ASSIGNED TASK
Although the records contain pictures, none belong in the copy: restate word for word only the lines from the one with "Мстители 4 Picture: Обои: Мстители" through the one with "012 Lootens1 |", both included.

LISTED ENTRIES START

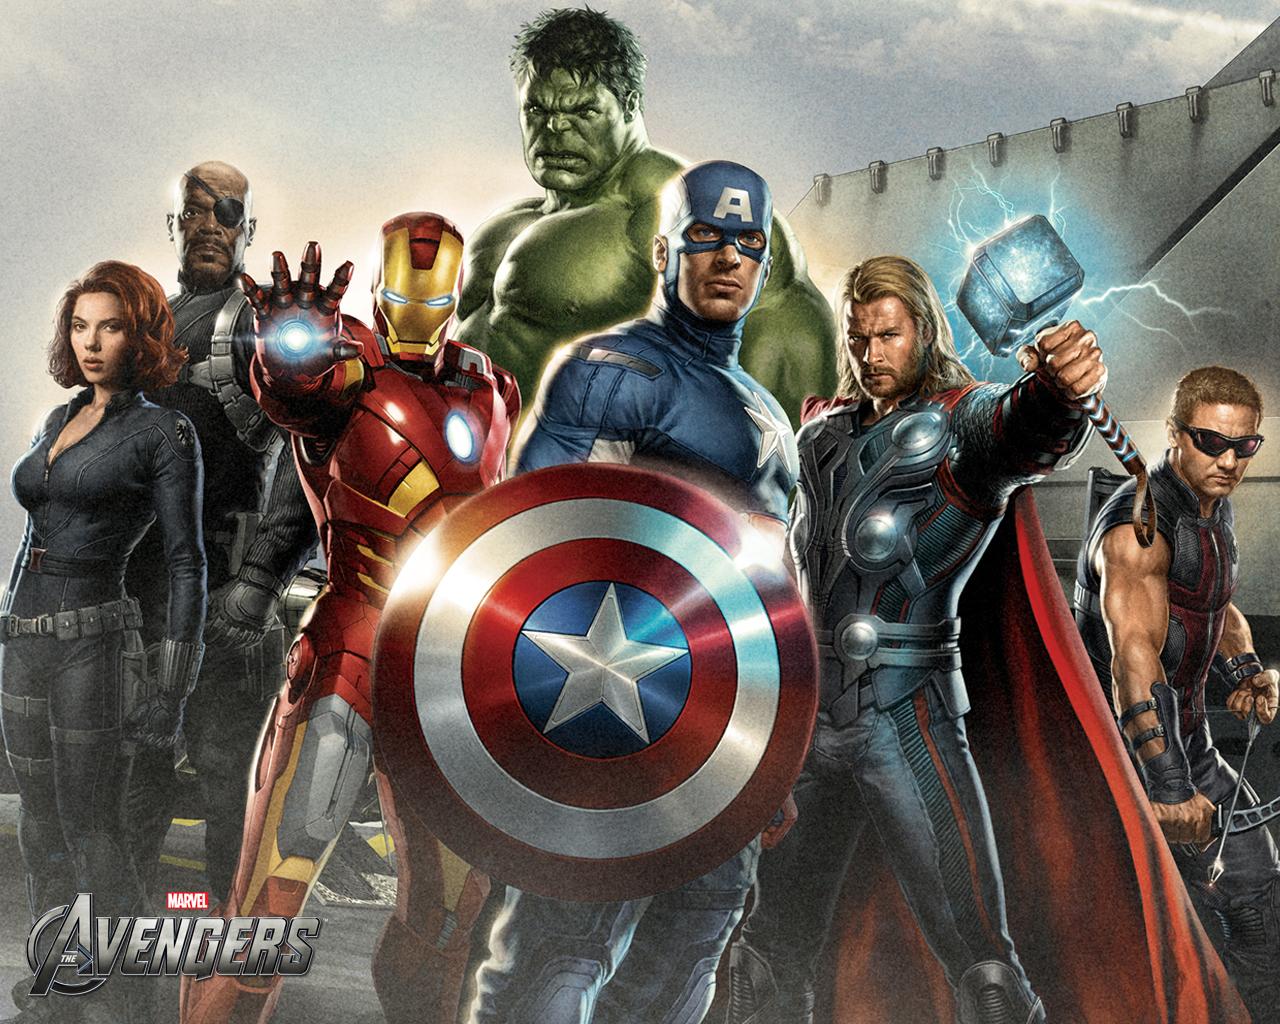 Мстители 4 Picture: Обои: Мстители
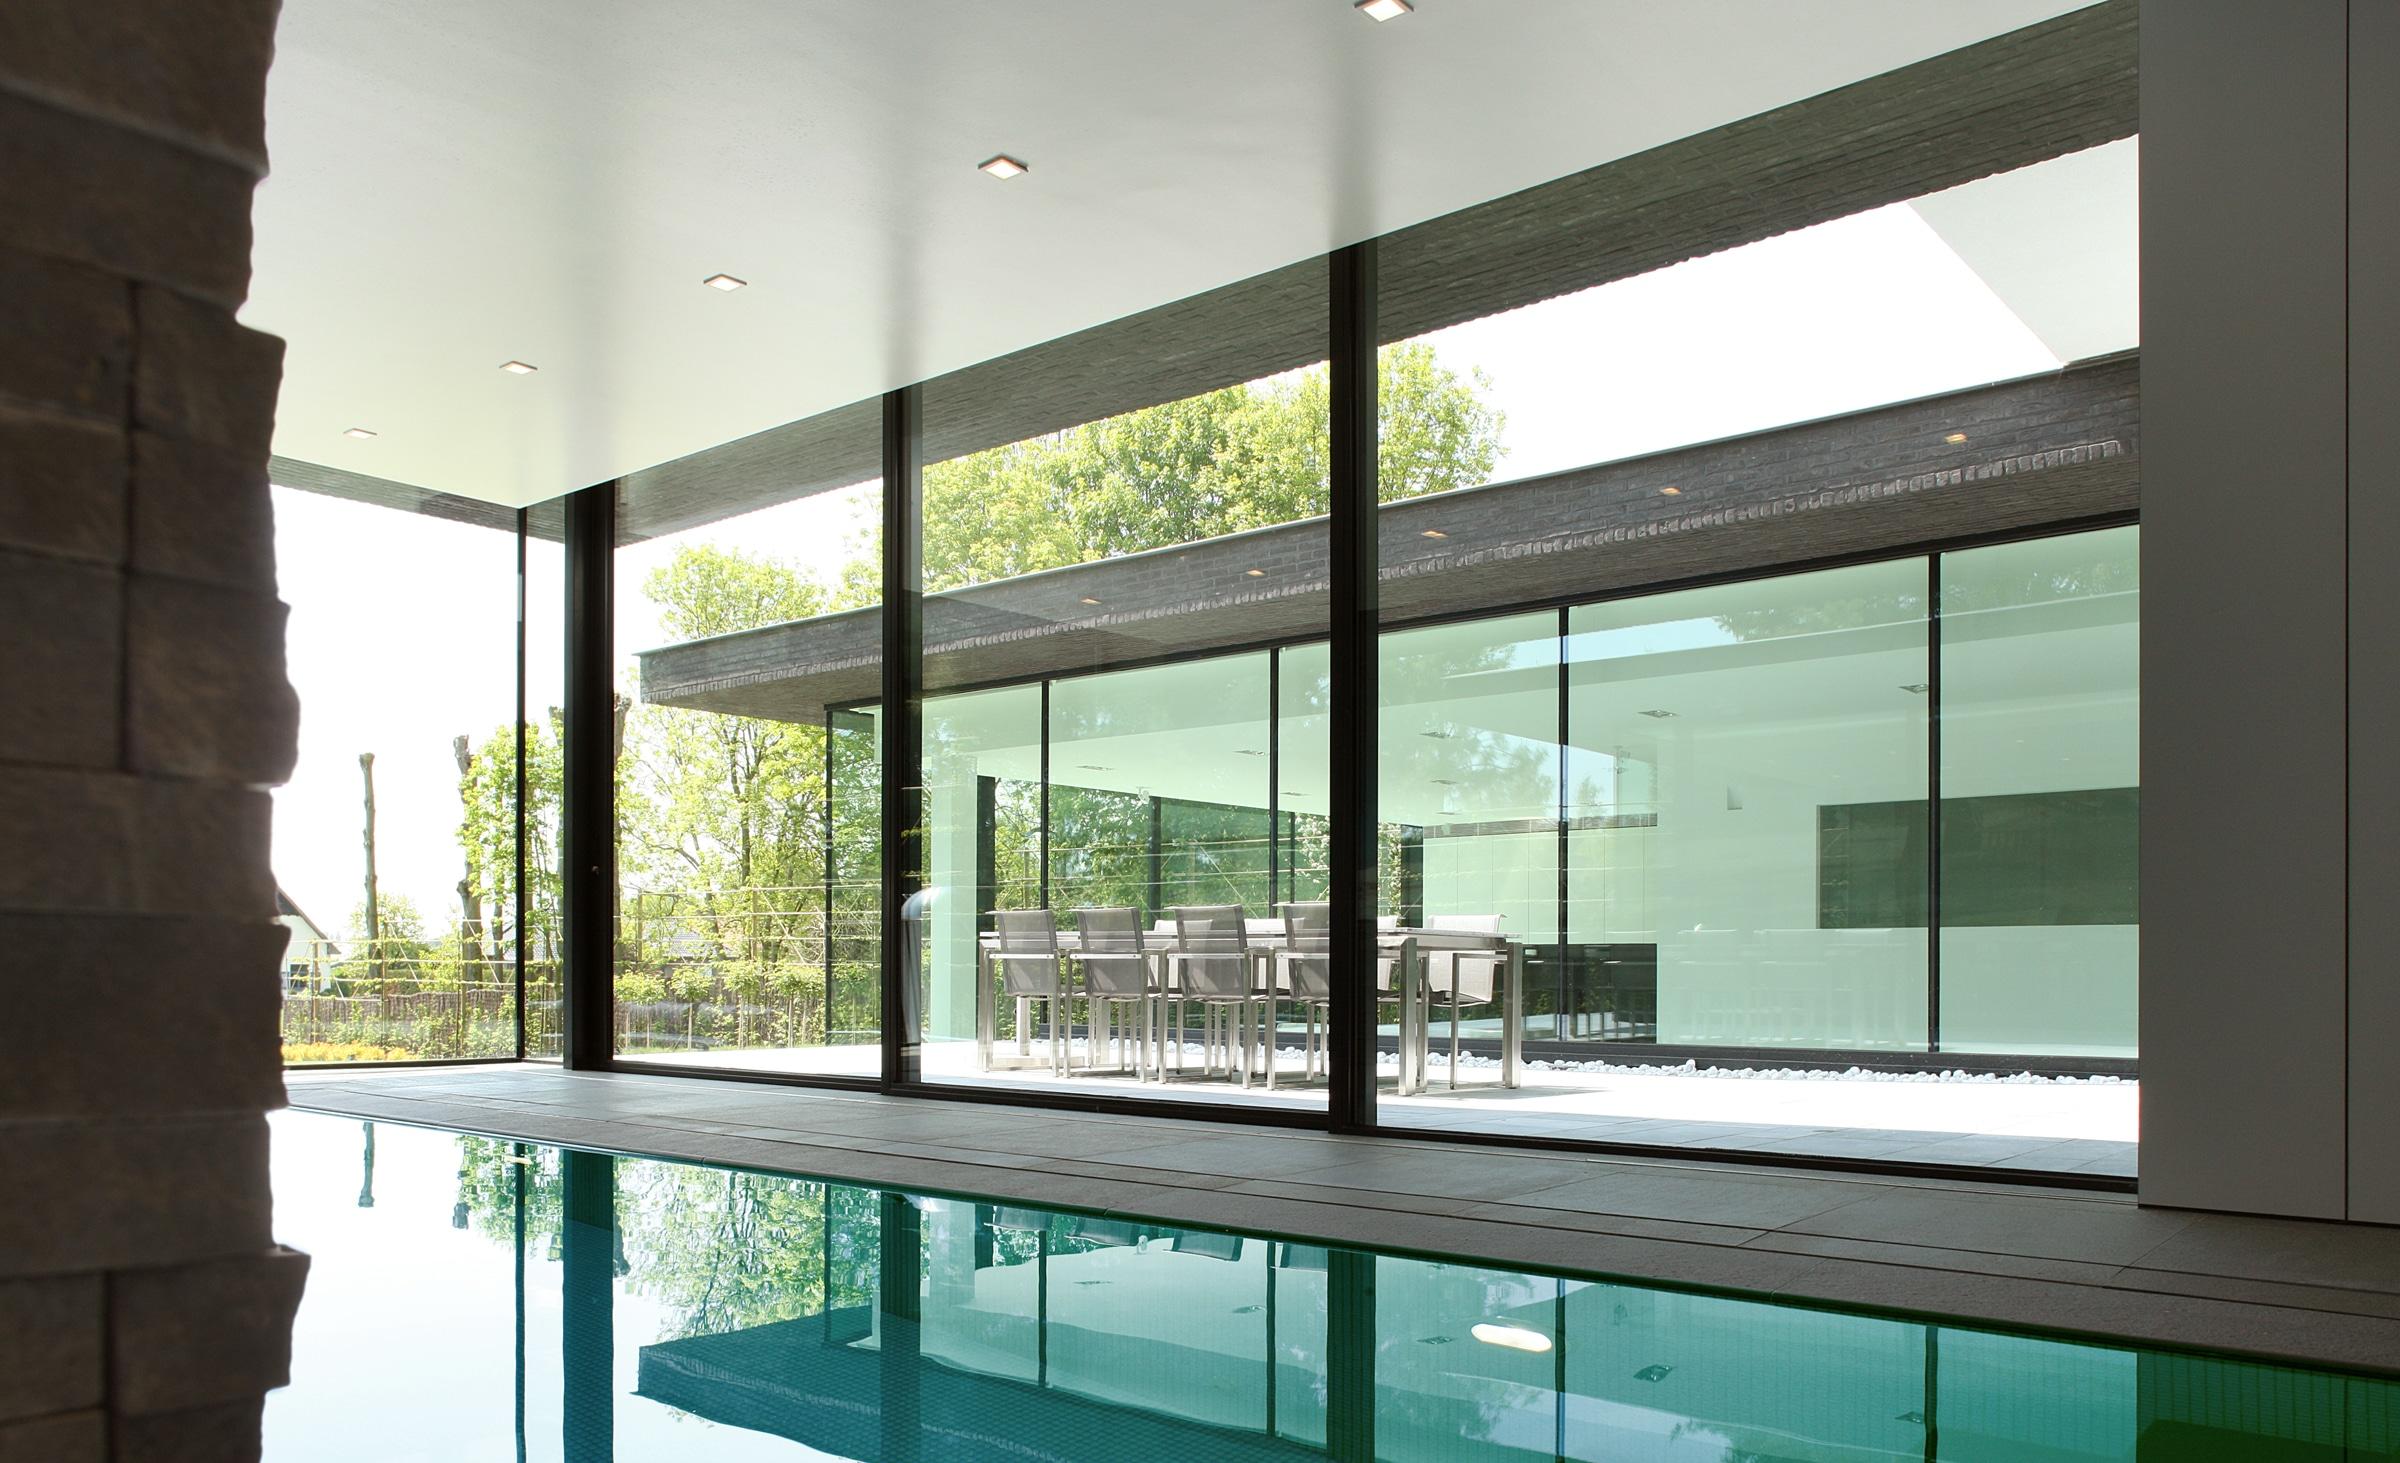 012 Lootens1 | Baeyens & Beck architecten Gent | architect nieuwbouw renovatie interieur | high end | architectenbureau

LISTED ENTRIES END
LISTED ENTRIES START

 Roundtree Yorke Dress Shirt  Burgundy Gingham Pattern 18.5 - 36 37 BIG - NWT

LISTED ENTRIES END

ANSWER BOX
 Мстители 4 Picture: Обои: Мстители
 012 Lootens1 | Baeyens & Beck architecten Gent | architect nieuwbouw renovatie interieur | high end | architectenbureau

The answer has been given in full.